OH, HE IS GORGEOUS!!!!!!!!!!!! If he doesn't work out for agility, I guess you'll just have to sell him...to me!!!


----------



## PunksTank (Jul 8, 2012)

Haha xD if he doesn't do it well he can just be a stall potato like the rest of mine xD What would you do with him? any other fun things we could do? He can't drive or anything he has a damaged rib - it's healed now, but I don't trust putting weight on him. He may be able to carry packs though, might try that - he's a ball to take out hiking xD


----------



## AnnaHalford (Mar 26, 2012)

What a gorgeous chap - and look at his little pony run in the last photo!
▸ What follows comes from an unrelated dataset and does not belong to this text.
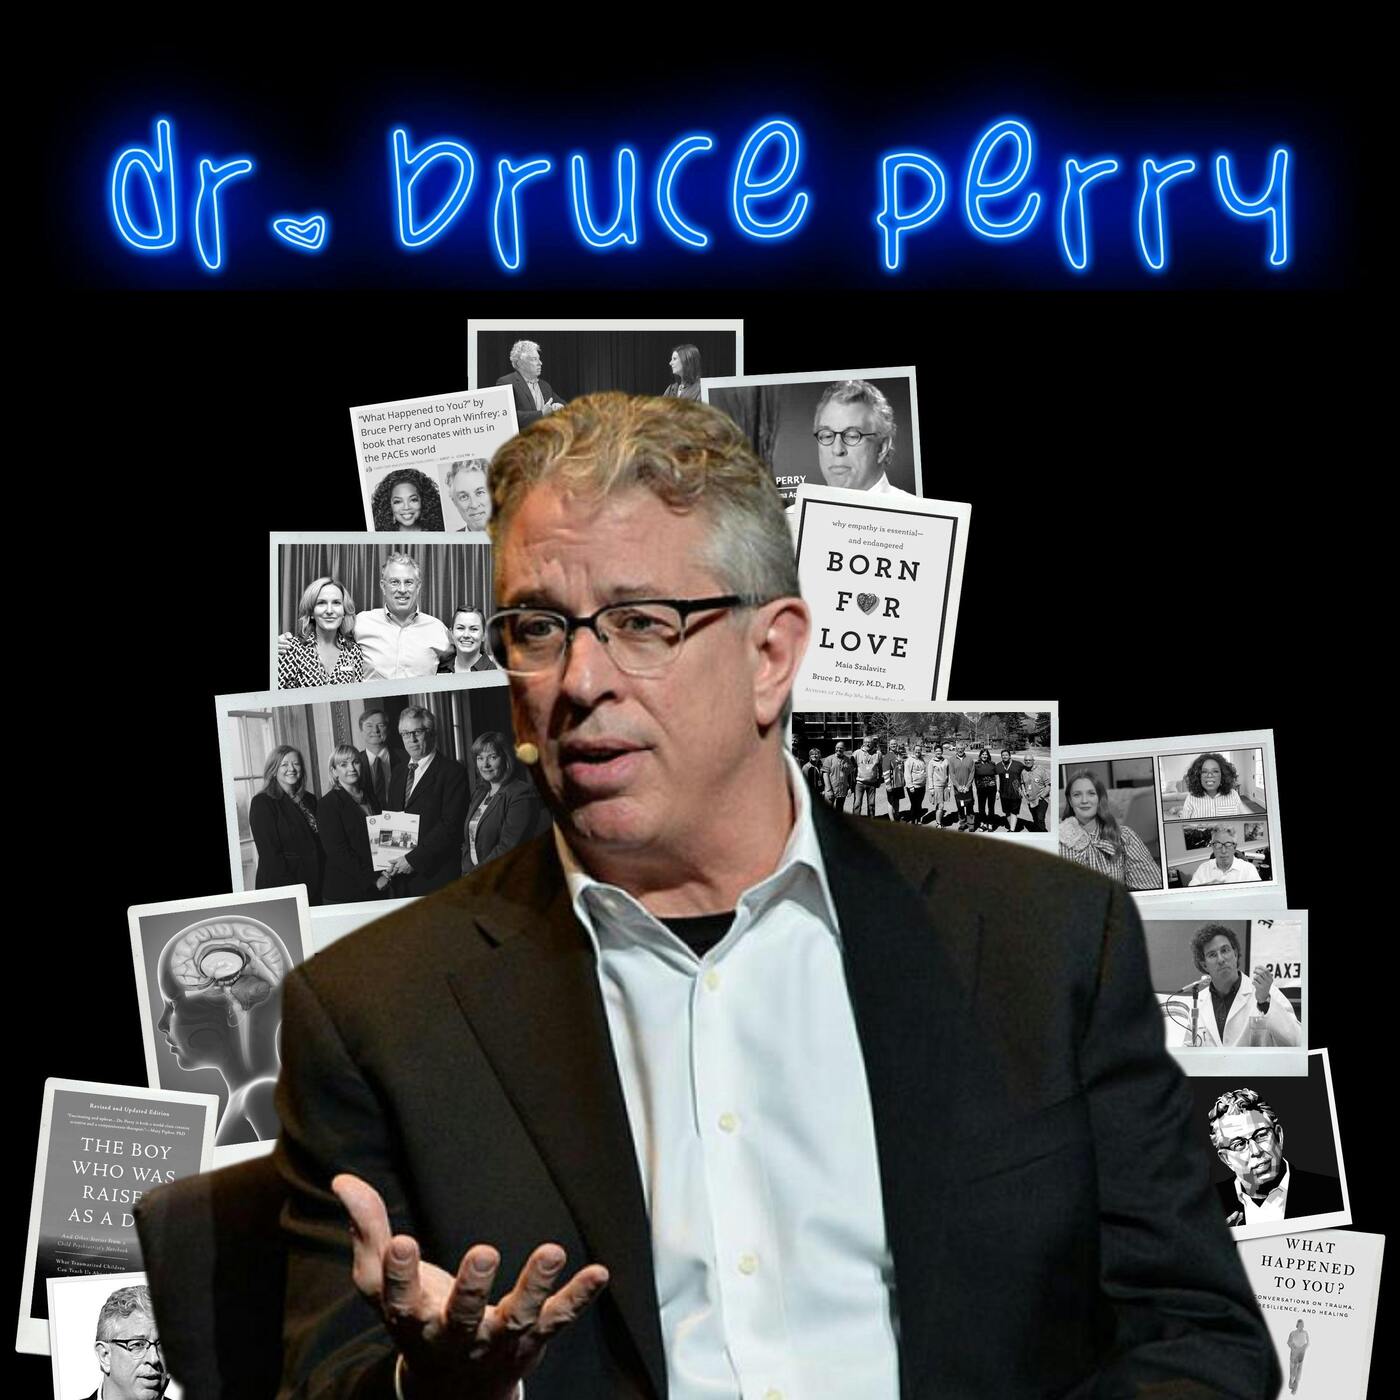 Vulnerable EP58: The Child Actor Crisis with Dr. Bruce Perry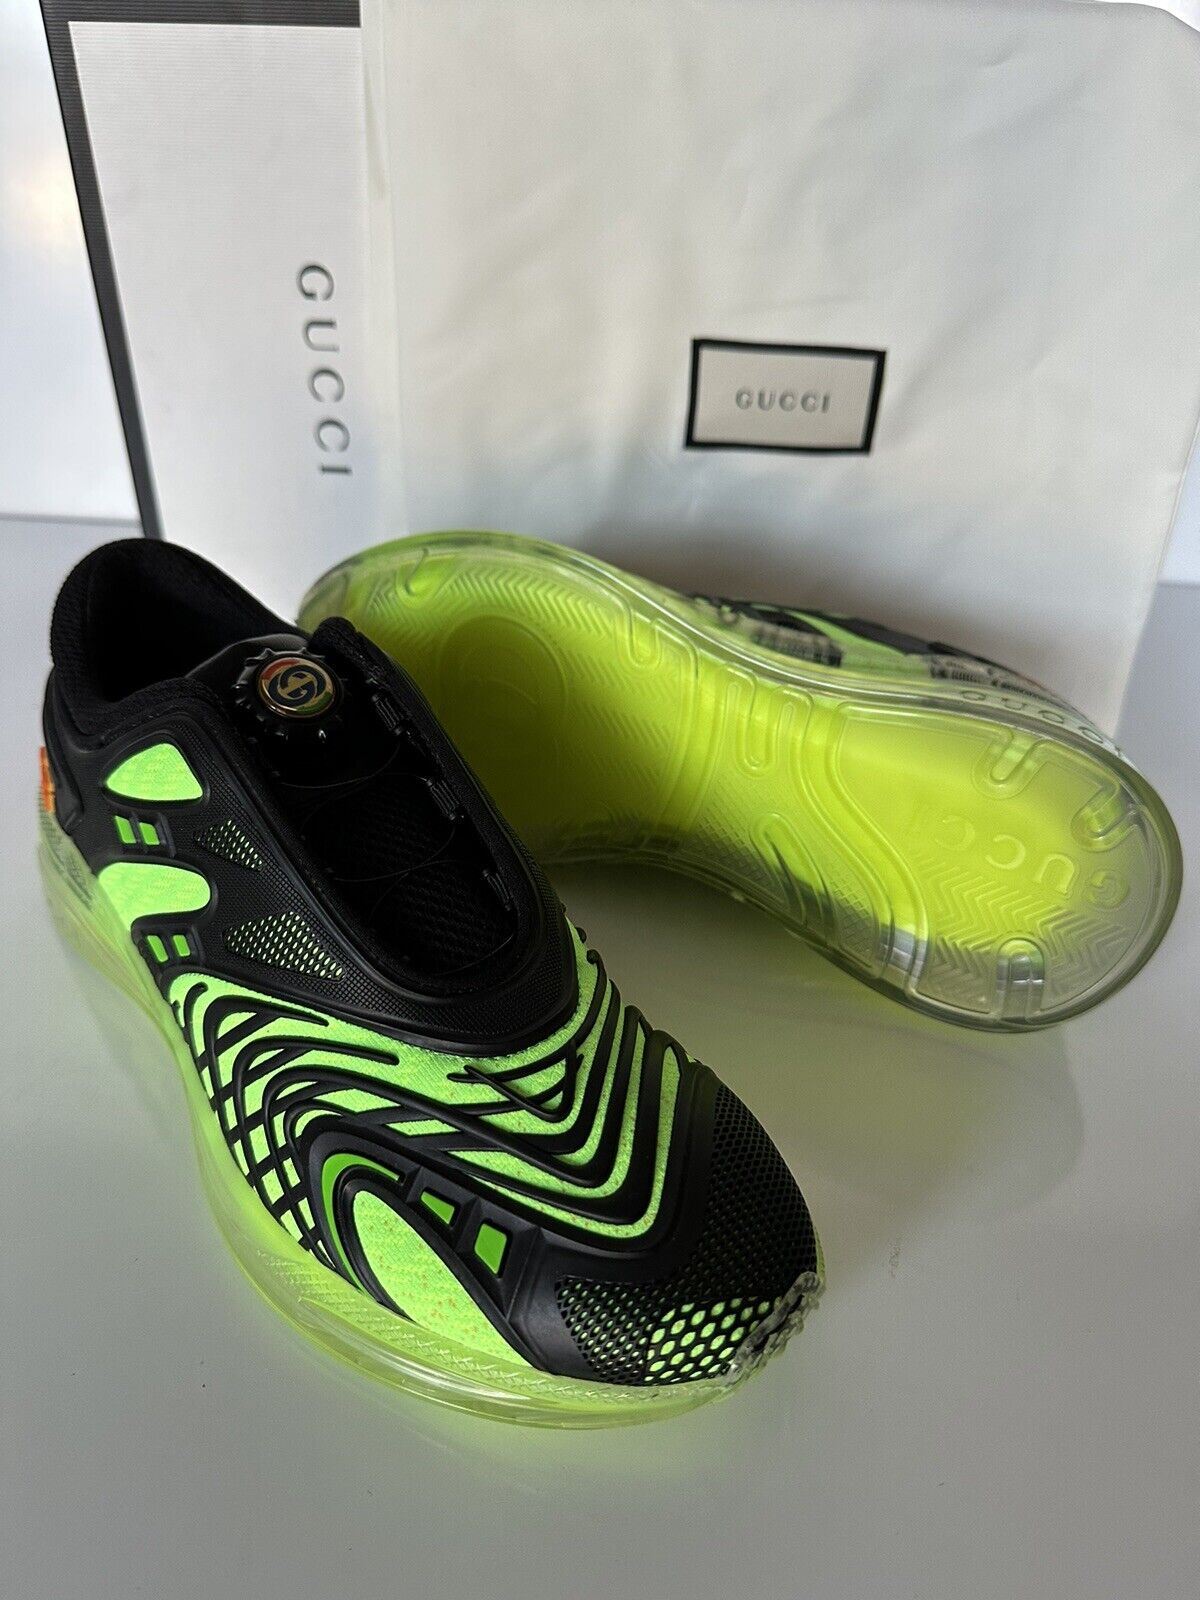 NIB Gucci Ultrapace R Sneakers In Black and Green 8 US (Gucci 7.5) 620337 IT

Love it 

Are you sure he couldn't drive a little? Even just a little cart to hold shopping... I would have thought hauling would put less stress on his ribs than carrying a pack. But I suppose it all depends on the weight. 

I think transferring him to my ownership would really help his topline, you know...


----------



## Elana (Jan 28, 2011)

I like Shetland Ponies. Nothing in his conformation says he cannot do what you are planning to do. Cute.


----------



## PunksTank (Jul 8, 2012)

Awesome  Thanks everyone. Ya know, you may be right - I never thought of doing just a little shopping type cart. I only have a pony sized Sulky that sits 2 humans. I think that would be too much, but just a little basket sort of thing would be awesome! He could help me weed xD


----------



## AnnaHalford (Mar 26, 2012)

I'd definitely do that (although the equine agility would probably mix it up a little for him) : he looks like the slightly-too-bright-for-his-own-good type of pony who normally benefits from having a formal job. Weeding sounds perfect, but seriously, the fun-factor of shopping with him would be too much. Some kind of light wagon should work - maybe look at the ones that are used for dog-carting? They're normally lighter.


----------



## waresbear (Jun 18, 2011)

I just love looking at him. Still looking........


----------



## AnnaHalford (Mar 26, 2012)

Sigh. *grabby hands*


----------



## PunksTank (Jul 8, 2012)

Haha thank you all xD Where could I go shopping with him though? Wherever this is I want to be there xD I don't know many places near me that let people bring their ponies inside. Though there is a cafe down the street that I see people eating outside with their dogs - I should bring my pony xD


----------



## livelovelaughride (Sep 13, 2011)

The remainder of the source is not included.